Co-Op Food Store opening, Upper High St, Epsom Picture shows:
News

Best social purpose campaign

Fighting retail crime in the UK
Co-op Group

The Co-op is the UK’s fifth largest food retailer, with 2,400 stores. Every day in 2023 around 1,000 criminal incidents are recorded across its estate, up 44 per cent in 12 months, including three or four physical assaults on colleagues.

It is not surprising that that Co-op claims the UK is experiencing a retail crime epidemic where criminals have ‘freedom to loot’.

But this criminal explosion is largely being ignored by the police. Indeed, police forces fail to respond to around 71 per cent of all retail crimes. For example, one Co-op branch in Liverpool suffered 1,000 incidents in a year – but received just one visit from the police.
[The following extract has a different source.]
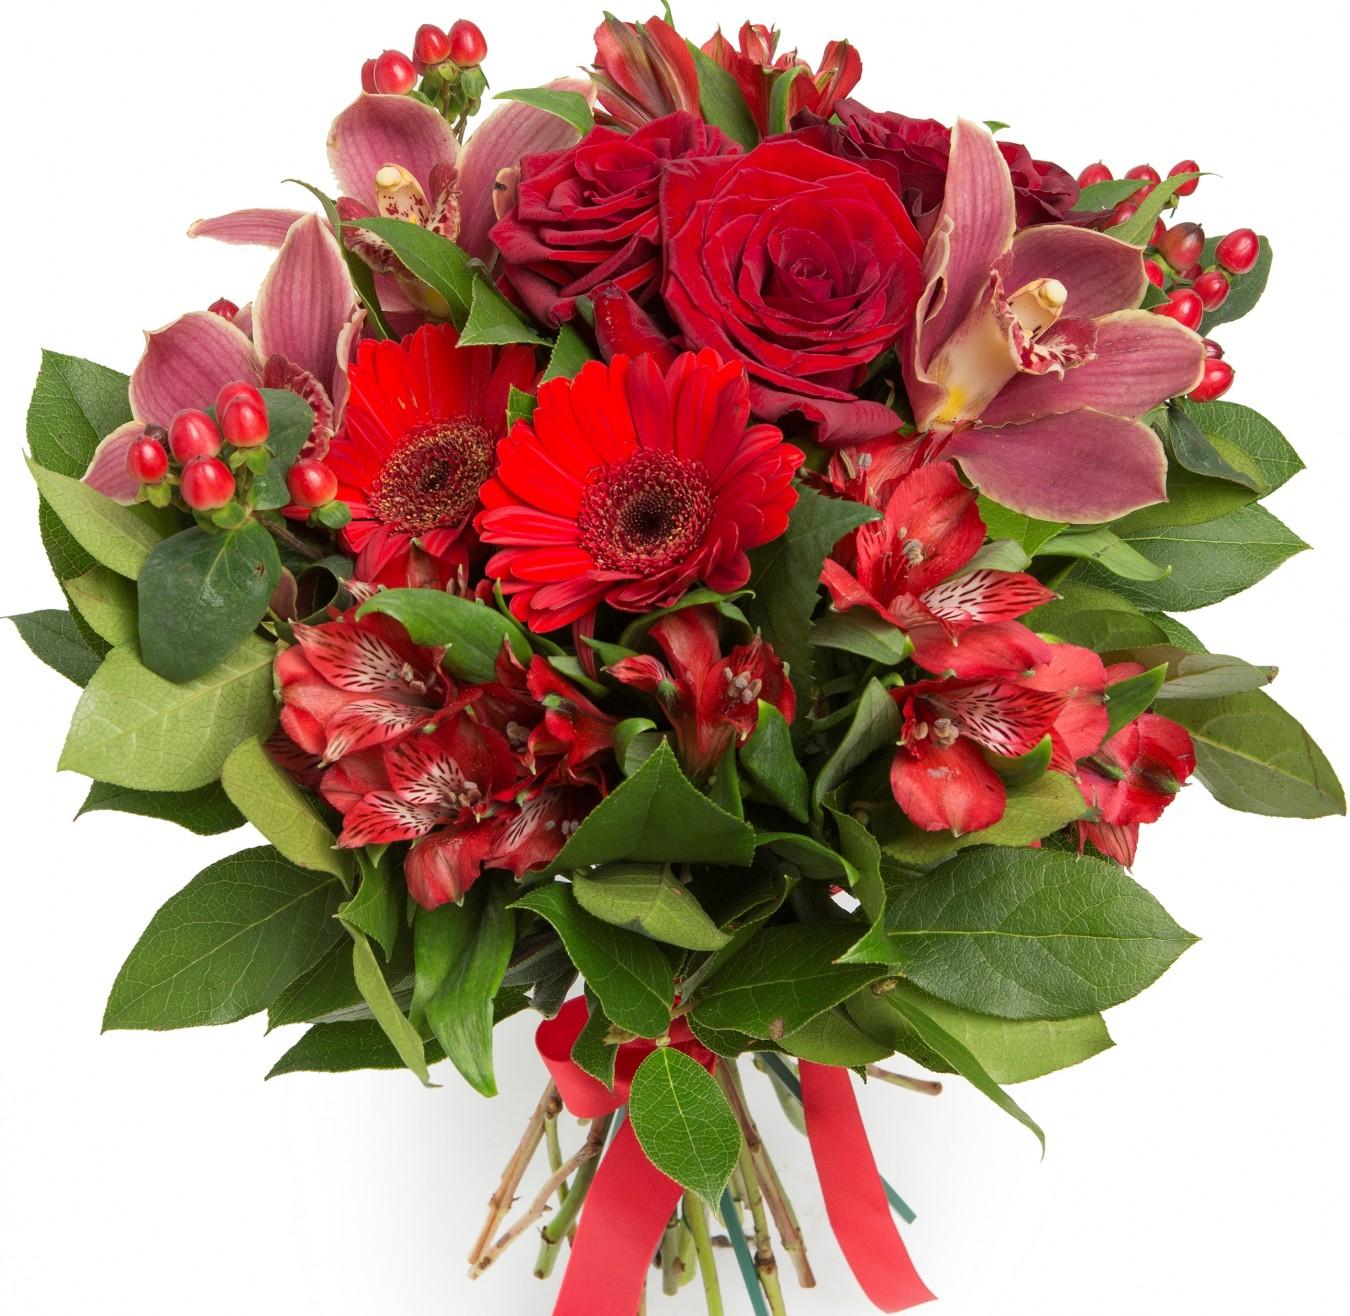 Купить цветы в Казани: доставка букетов круглосуточно 72

Some stores report that it is the same individuals who are responsible for the majority of incidents.

This led the Co-op to launch a campaign to both raise awareness of this issue – which puts many retail workers at risk – and improve response rates.

There were risks attached to such an approach. The Co-op was the first retailer to speak out publicly about retail crime, which, it was aware, could alienate both the police and Government.

Its three-pronged approach kicked off in July 2023 with a report that revealed the Co-op had suffered 336,270 incidents of theft, abuse and attacks on its staff over the previous year. It also claimed that its security guards were forced to release two in every five offenders they managed to detain because the police had failed to show up.

The report generated extensive media coverage, including interviews with Co-op spokespeople on Good Morning Britain, BBC Breakfast, BBC Radio 5 Live, BBC Radio 4 Today programme and lunchtime and evening news bulletins.

Print media followed, including an interview with Co-op Food’s chief executive Matt Hood in the Daily Telegraph, in which he explained that the rampant looting was not due to the cost-of-living crisis, as some had claimed, but to organised crime. For example, there was evidence that baby formula was being stolen to cut drugs. To date, the Co-op’s campaign has generated more than 4,500 articles.

Hood also called on MPs to support an amendment to the Criminal Justice Bill, then going through Parliament, which would make attacks on shop workers a crime, thereby forcing police to attend all incidents.

The campaign forced an immediate response, with chief constables pledging more resources to tackle shoplifting. And in October 2023, the Retail Crime Action Plan was announced. It offered clear guidance on how retailers should submit CCTV evidence, while also promising to prioritise police attendance at incidents where violence had occurred, where serial offenders had been detained or where evidence needed to be promptly secured.

The second phase, which launched in November 2023, used Respect for Shopworkers Week as a hook to call on the police, crime commissioners and the policing minister to make changes.

And in February 2024, the Co-op published a report Stealing with Impunity, written by Dr Emmeline Taylor, professor of criminology at City, University of London, that set out a ten-point plan to turn the tide on prolific offenders and retail crime.

These included a commitment from police and crime commissioners to develop a strategy to tackle retail crime, a campaign to target the stolen goods market, presumption against custodial sentences of less than six months, and the introduction of a standalone offence for the Protection of Retail Workers.

The Co-op also called for MPs to back an amendment to the Criminal Justice Bill to make it a standalone offence to abuse a shop worker, while providing templates for 50,000 employees and five million members to send letters to local MPs.

Two months after its report’s publication, the Government announced plans to make assaulting a retail worker a standalone criminal offence, with prison sentences of up to six months, unlimited fines and bans on the perpetrator returning to the shop in which they committed their crimes. Breaching such an order is now a criminal offence carrying a five-year maximum sentence.